Chunk

From Crash Bandicoot Hacking Wiki
Jump to navigation Jump to search

Chunks (a.k.a. pages) are the highest level data containers in NSF files. Each chunk is 64KB (0x10000 bytes) in size, in congruence with the 64KB pages allocated to contain them.

Format

Uncompressed chunks

Non-texture chunks

Offset Field Size Value
0x0 Magic Number 2 bytes 0x1234
0x2 Type 2 bytes !=1
0x4 ID 4 bytes *
0x8 Entry Count 4 bytes c
0xC Checksum 4 bytes *
0x10 Entry Offsets 4 x c bytes *
0x10 + (4 x c) End of last Entry 4 bytes *
0x10 + (4 x (c+1) ) Entries * x c bytes *

Texture chunks

Offset Field Size Value
0x0 Magic Number 2 bytes 0x1234
0x2 Type 2 bytes 1
0x4 Texture Page EID 4 bytes *
0x8 Tex. Page Entry Type 4 bytes 5
0xC Checksum 4 bytes *
0x10 Texture data 0xFFF0/65520 bytes *

Compressed chunks

Offset Field Size Value
0x0 Magic Number 2 bytes 0x1235
0x2 Unused 2 bytes *
0x4 Length 4 bytes l
0x8 Skip 4 bytes s
0xC Compressed data n bytes *
0xC+n Skipped data s bytes *
0xC+n+s Uncompressed data (0x10000 - l) bytes *

Structure

struct chunk
{ 
  const unsigned short magic = 0x1234;
  unsigned short type;
  union
  {
    struct // normal chunks
    {
      unsigned long CID;
      unsigned long entrycount;
      unsigned long checksum;
      union
      {
        unsigned long entryoffset[entrycount];
        entry *entryptr[entrycount];
      };
      entry entries[entrycount];
    };
    struct // texture chunks
    {
      unsigned long EID;
      unsigned long entrytype = 5;
      unsigned long checksum;
      unsigned char data[0xFFF0];
    };
  };
};

struct chunk_compressed
{
  const unsigned short magic = 0x1235;
  const unsigned short unused = 0;
  unsigned long length;
  unsigned long skip;
  unsigned char compressed[];
  unsigned char skipped[skip];
  unsigned char uncompressed[0x10000-length];
};

Types

Type Name
0 Normal Chunk
1 Texture Chunk
2 Prototype Sound Chunk
3 Sound Chunk
4 Wavebank Chunk
5 Speech Chunk

Non-texture chunks

Non-texture chunks are containers for 'entries'-the intermediate level data containers in NSF files.

Texture chunks

Texture chunks contain palette and texture data used by game models.

Chunk IDs/CIDs

Each chunk has a unique ID. A chunk ID has been assigned to each chunk according to its index in the NSF file. The formula for a chunk ID, or CID, is: '(index << 1) - 1', where chunk indices start at 1. This is equivalent to '(index << 1) | 1' when chunks are zero-indexed. Thus, a chunk's index is contained in the leftmost 31 bits of its CID. The rightmost bit or LSB in a CID is an indicator bit or tag, and is always 1. A CID is typically stored in a tagged union with its replacement entry pointer as the key in an entry hash table slot. Its replacement pointer locates an entry contained in the chunk with that CID.

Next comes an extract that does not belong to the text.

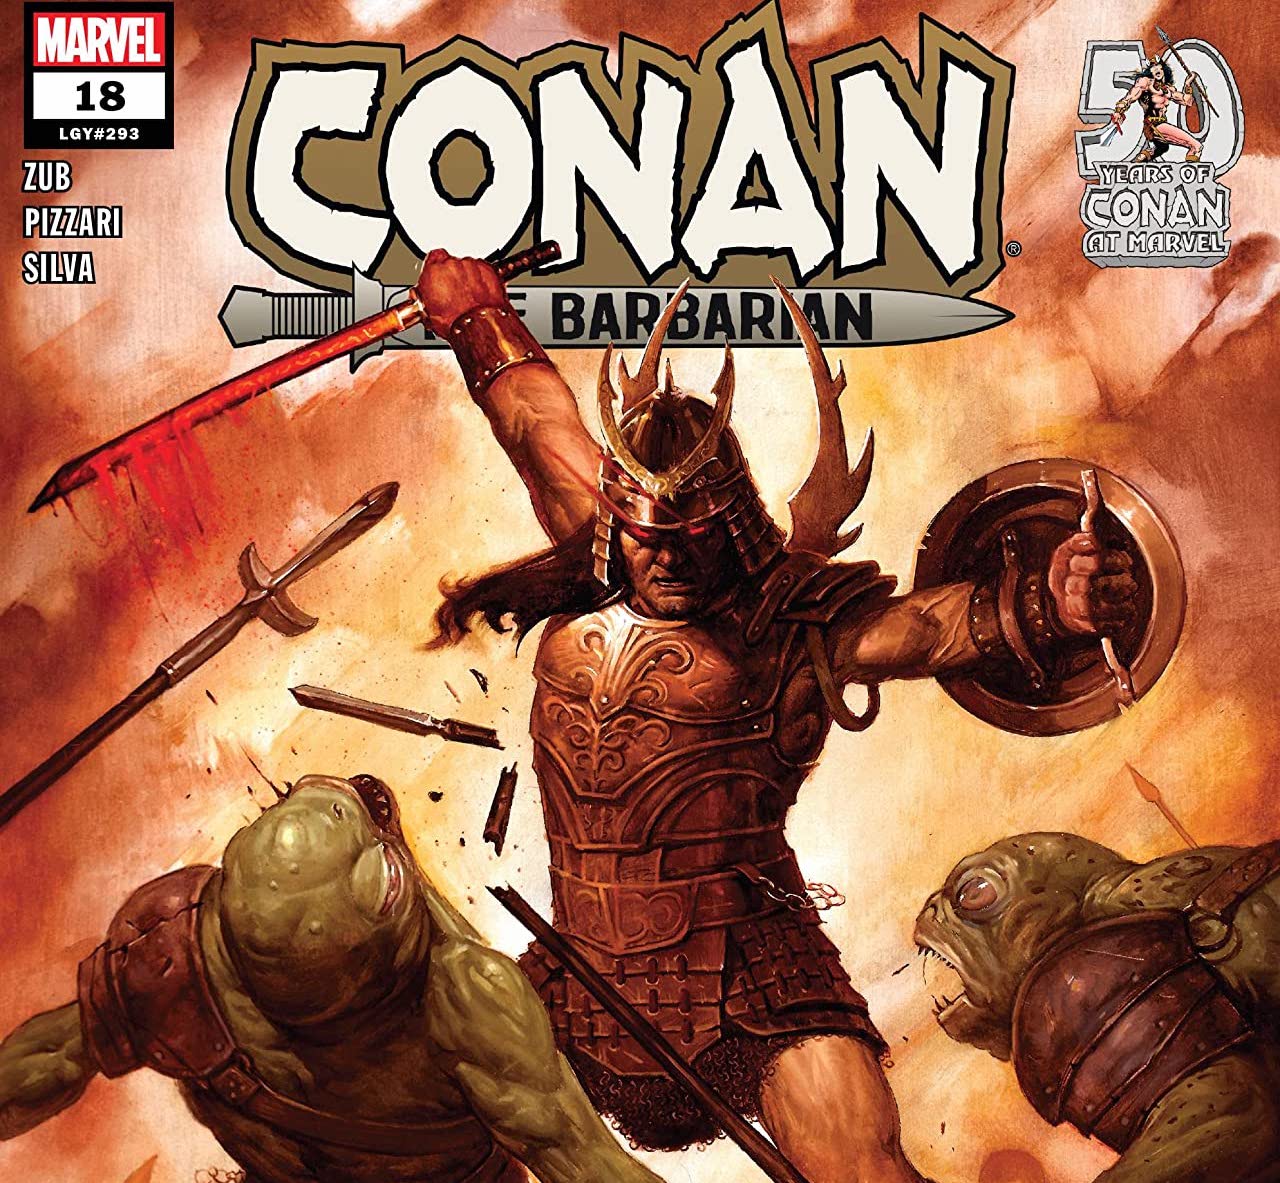 'Conan The Barbarian' #18 review
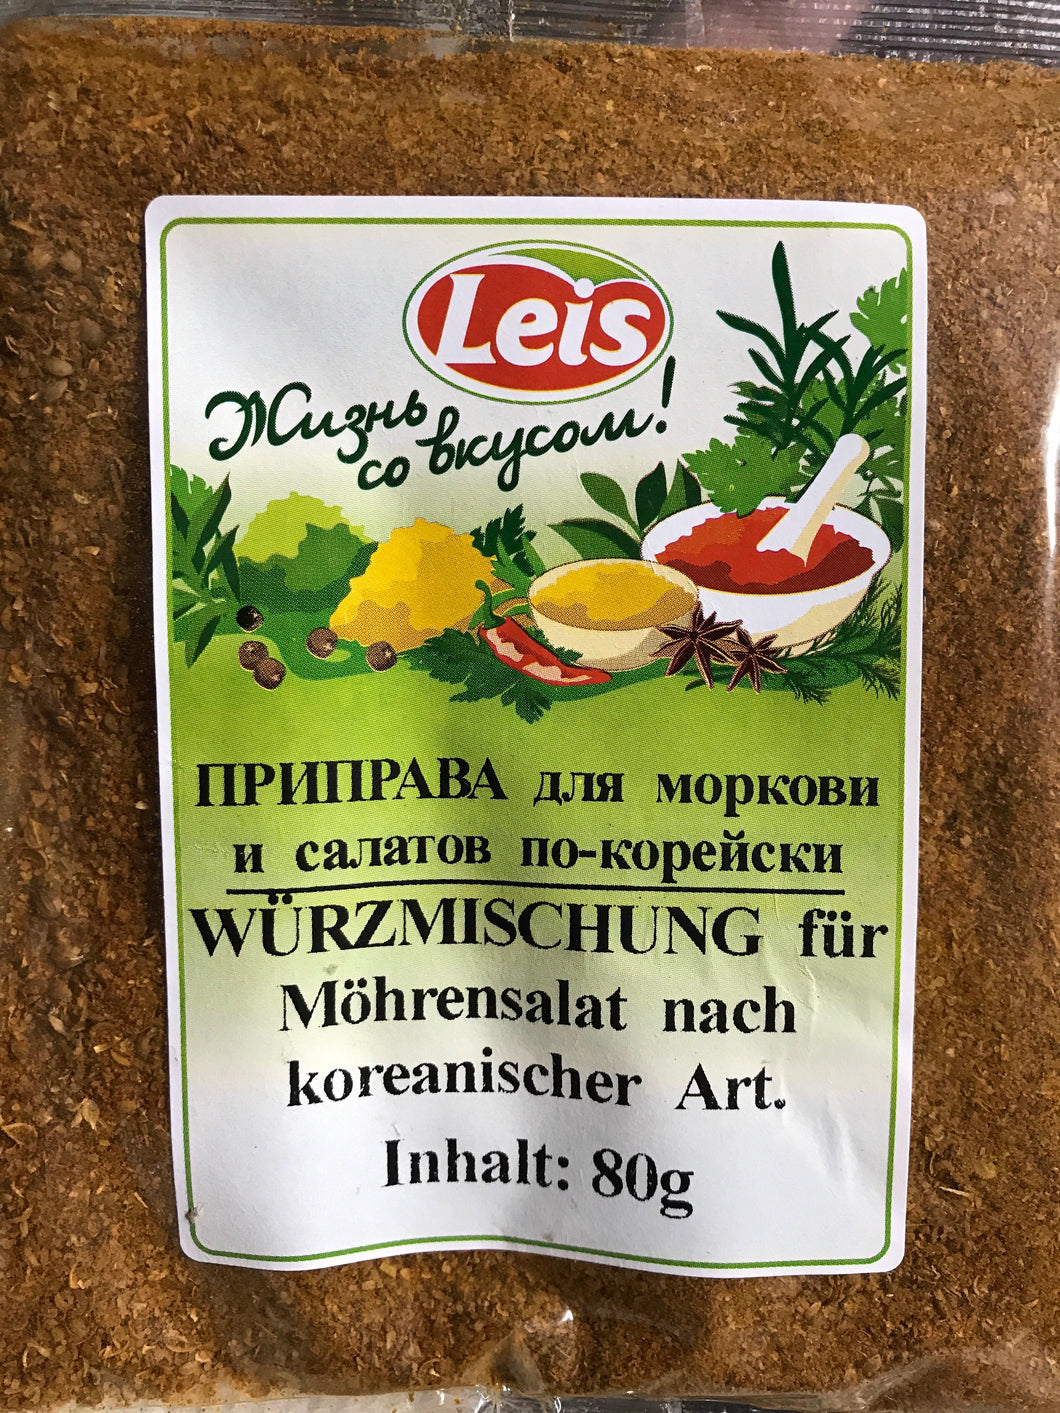 LEIS Spices for korean carrot salad 80g

Texture chunks do not have a CID field with precomputed value. The texture paging routines manually compute CIDs for texture chunks.

Checksums

Each chunk includes a 32-bit checksum which can be used to verify the integrity of the chunk data. At least some PAL versions of the games enforce these checksums.

The checksum is computed as follows:

  1. Start with the value 0x12345678.
  2. For each byte of the 64K chunk:
    • Add that byte to the current value. For the bytes from the checksum field itself (bytes 12 through 15), consider their value to be zero.
    • Circularly left-shift the current value by three bits.
  3. The final value is the correct checksum.

This procedure is also described by this C function:

uint32_t nsfChecksum(const unsigned char *data)
{
    uint32_t checksum = 0x12345678;
    for (int i = 0;i < 65536;i++) {
        if (i < 12 || i >= 16)
            checksum += data[i];
        checksum = checksum << 3 | checksum >> 29;
    }
    return checksum;
}